There is a site called 10Q that asks 10 questions (one a day) during the days between Rosh Hashanah and Yom Kippur. The questions ask the respondent to reflect on the previous year and to start thinking about goals and aspirations for the year to come. Shortly before Rosh Hashanah, 10Q sends you your responses to the previous year’s questions. I recently received last year’s responses and took some time to read through them and remember where I was about this time last year and how far I have come since then.

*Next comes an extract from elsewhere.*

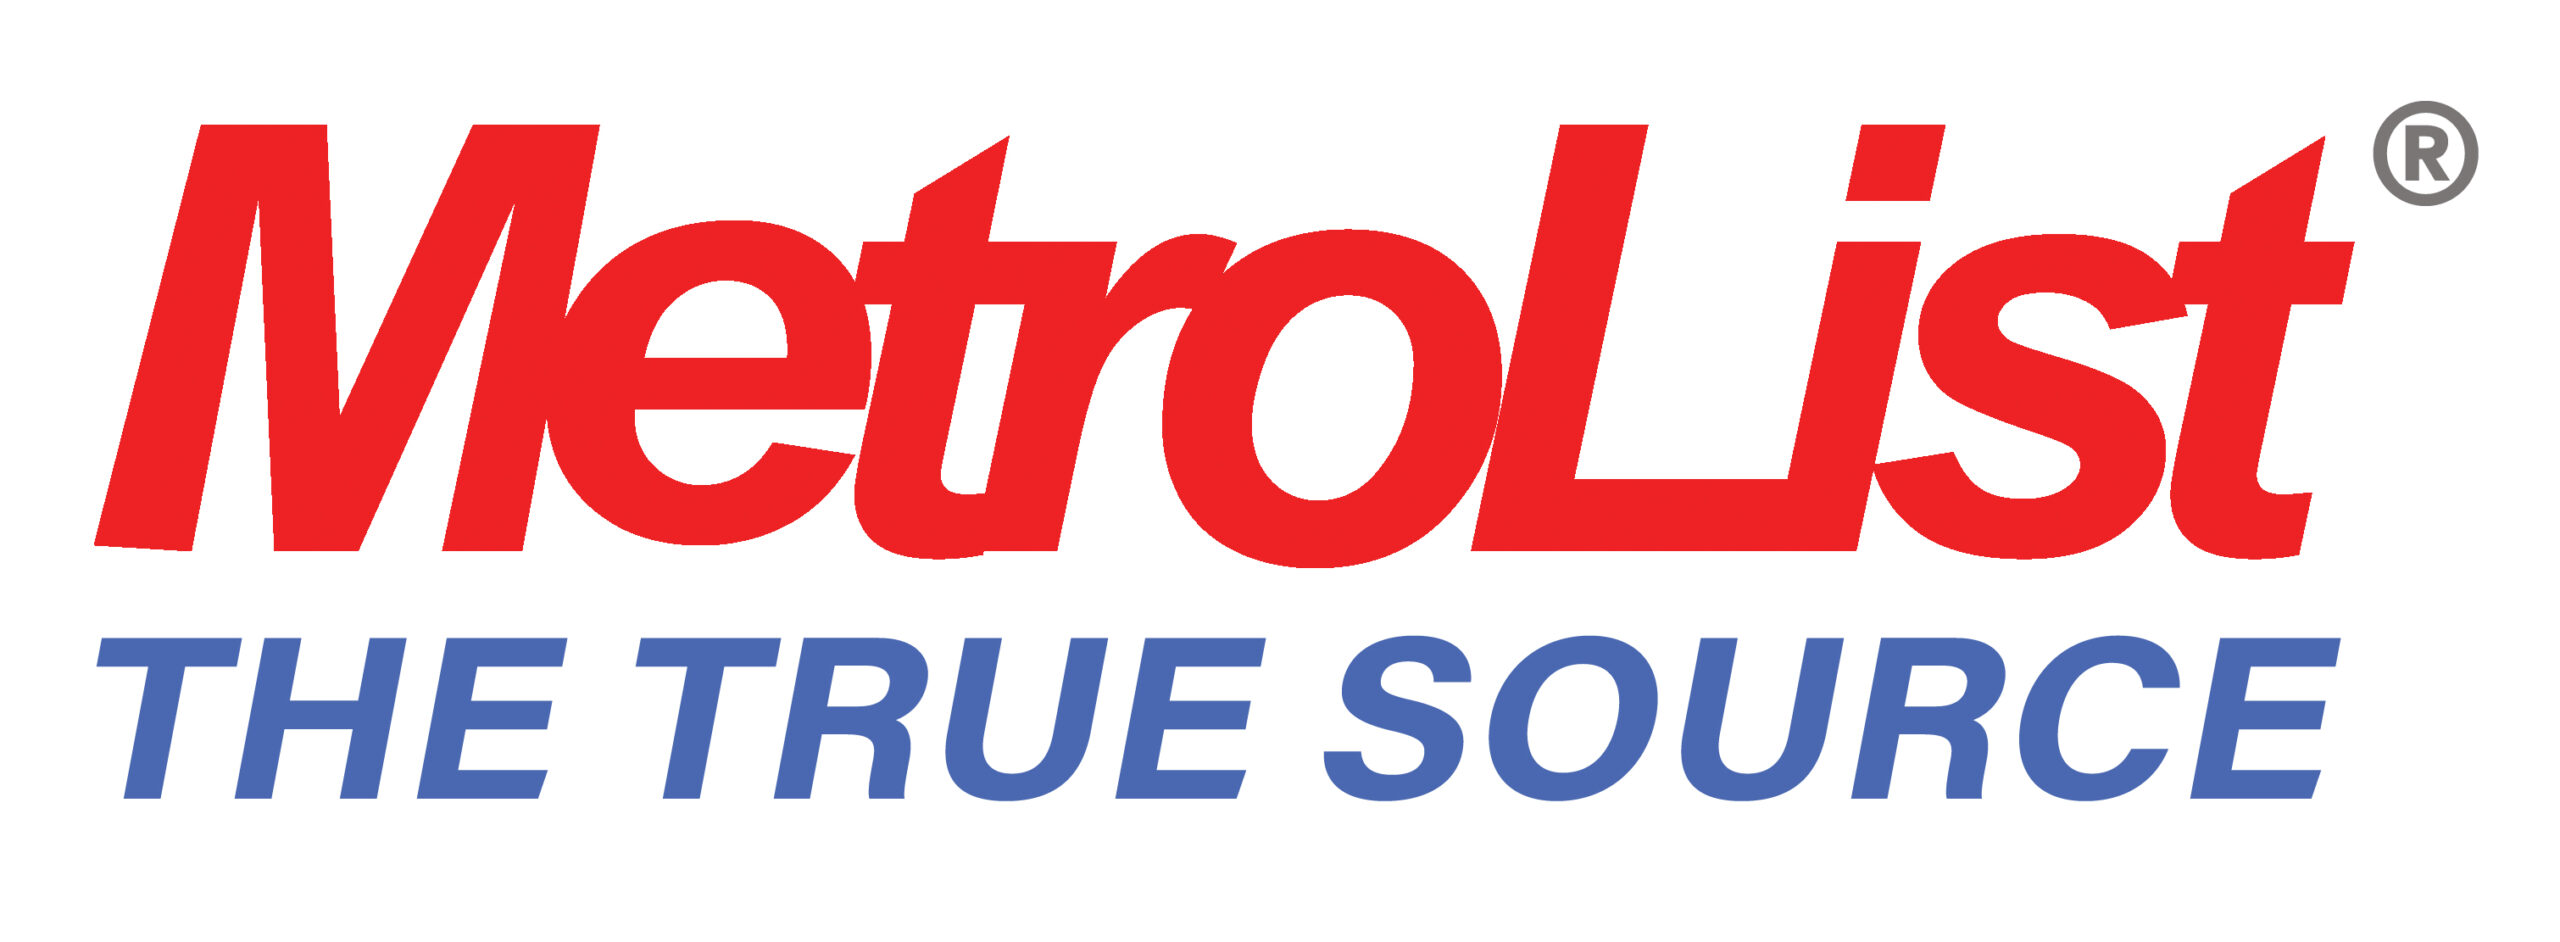 metrolist logo
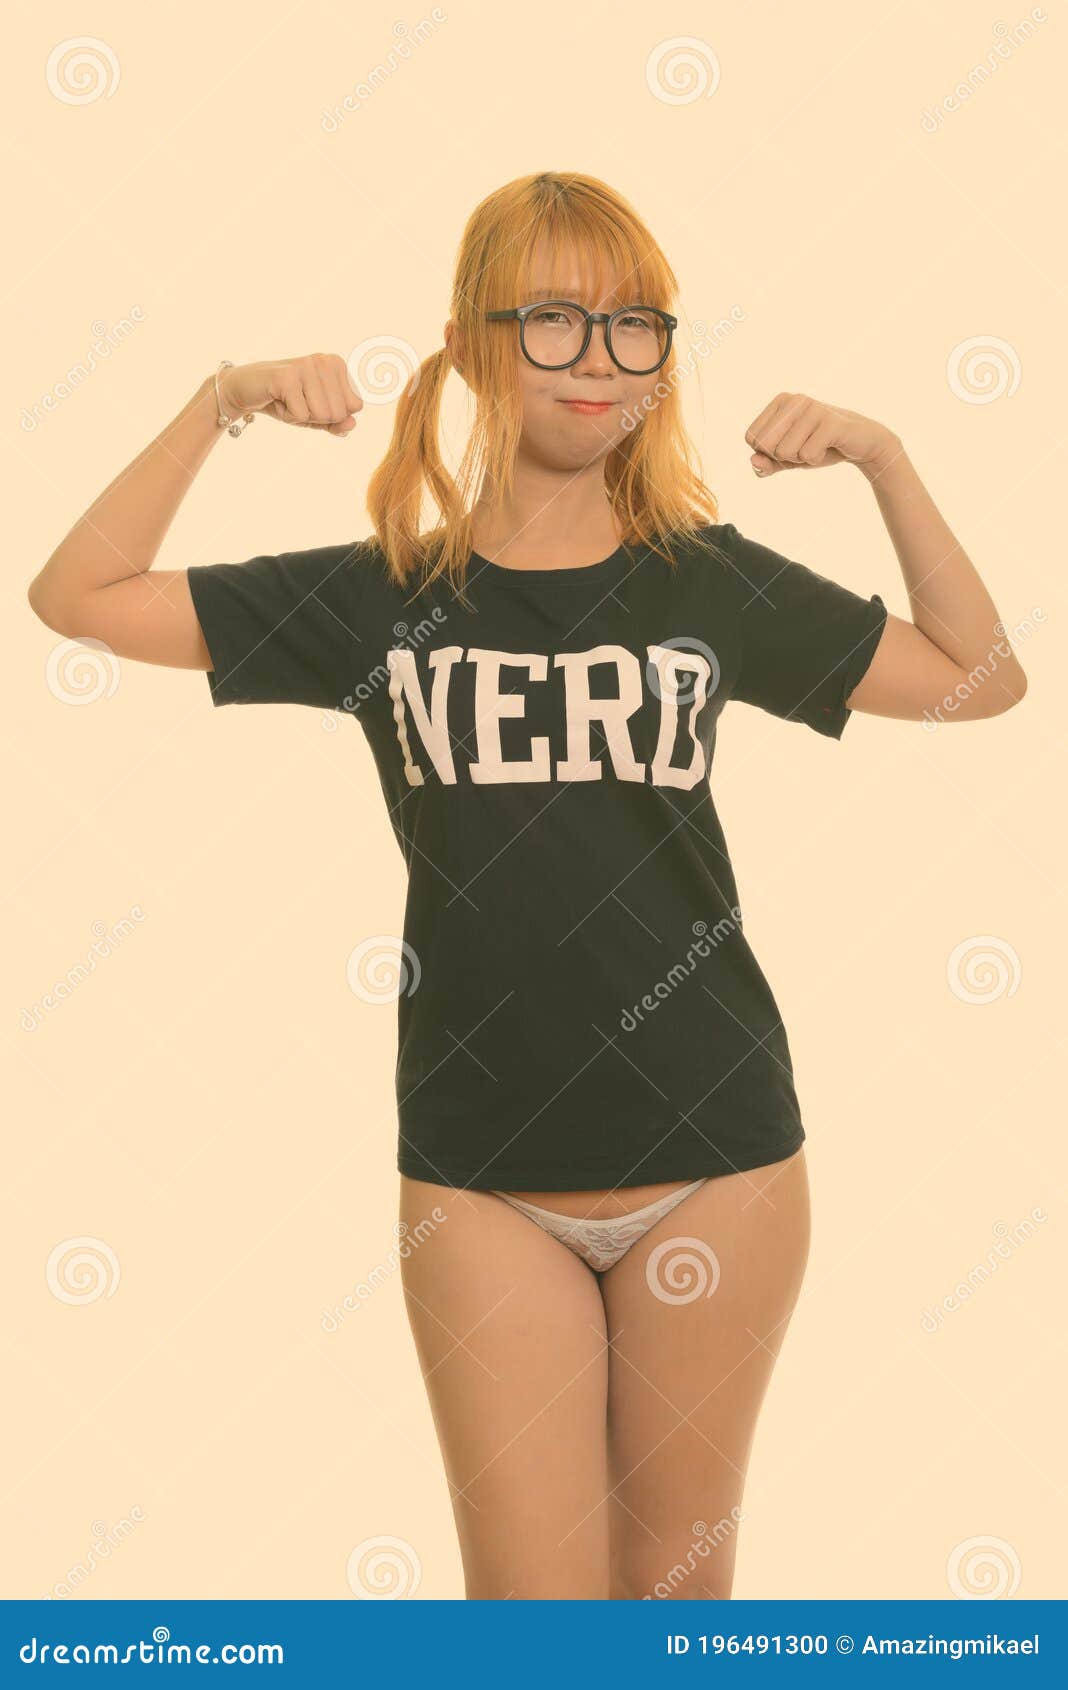 Nerdy Girl Underwear

Overall, I am fairly happy with how far I have come. Although I didn’t achieve all of the goals I set for myself, I certainly made progress on all of them. My goals tend to be perennial (e.g. continuing to learn new things, pushing myself out of my comfort zone, etc.), so most are going to reappear on this year’s list, although some have gotten bumped for other priorities that have risen to the surface. I have a newly heightened awareness of the preciousness of any time I spend with my father. As much as I continue to absolutely adore my niecelettes, my primary reason for going east this coming year will be to see my father. The good news is that I stay at my brother’s house when I am in New York, so my niecelettes come with the accommodations. In the past I scheduled seeing my parents around my desire to maximize time with the girls. Now, I am aiming to maximize my time with my father during the time of day when he is at his most alert.
I am pleased to see progress in both my professional and personal development. This time around I intend to include better benchmarks of where I started so I can get a better sense of where to place the milestones for measuring my progress. I have to be somewhat careful in how precisely I measure because I don’t want this annual practice to become too much about quantifying my life. I believe life is more about quality than quantity and my decisions often reflect that.
There is plenty left to do, but overall, I am feeling fairly accomplished and eager to take on what this coming year has to throw at me. Not that I want to tempt fate. It would be nice to have a relatively quiet year where the happy occasions outnumber the sad ones by a fair margin.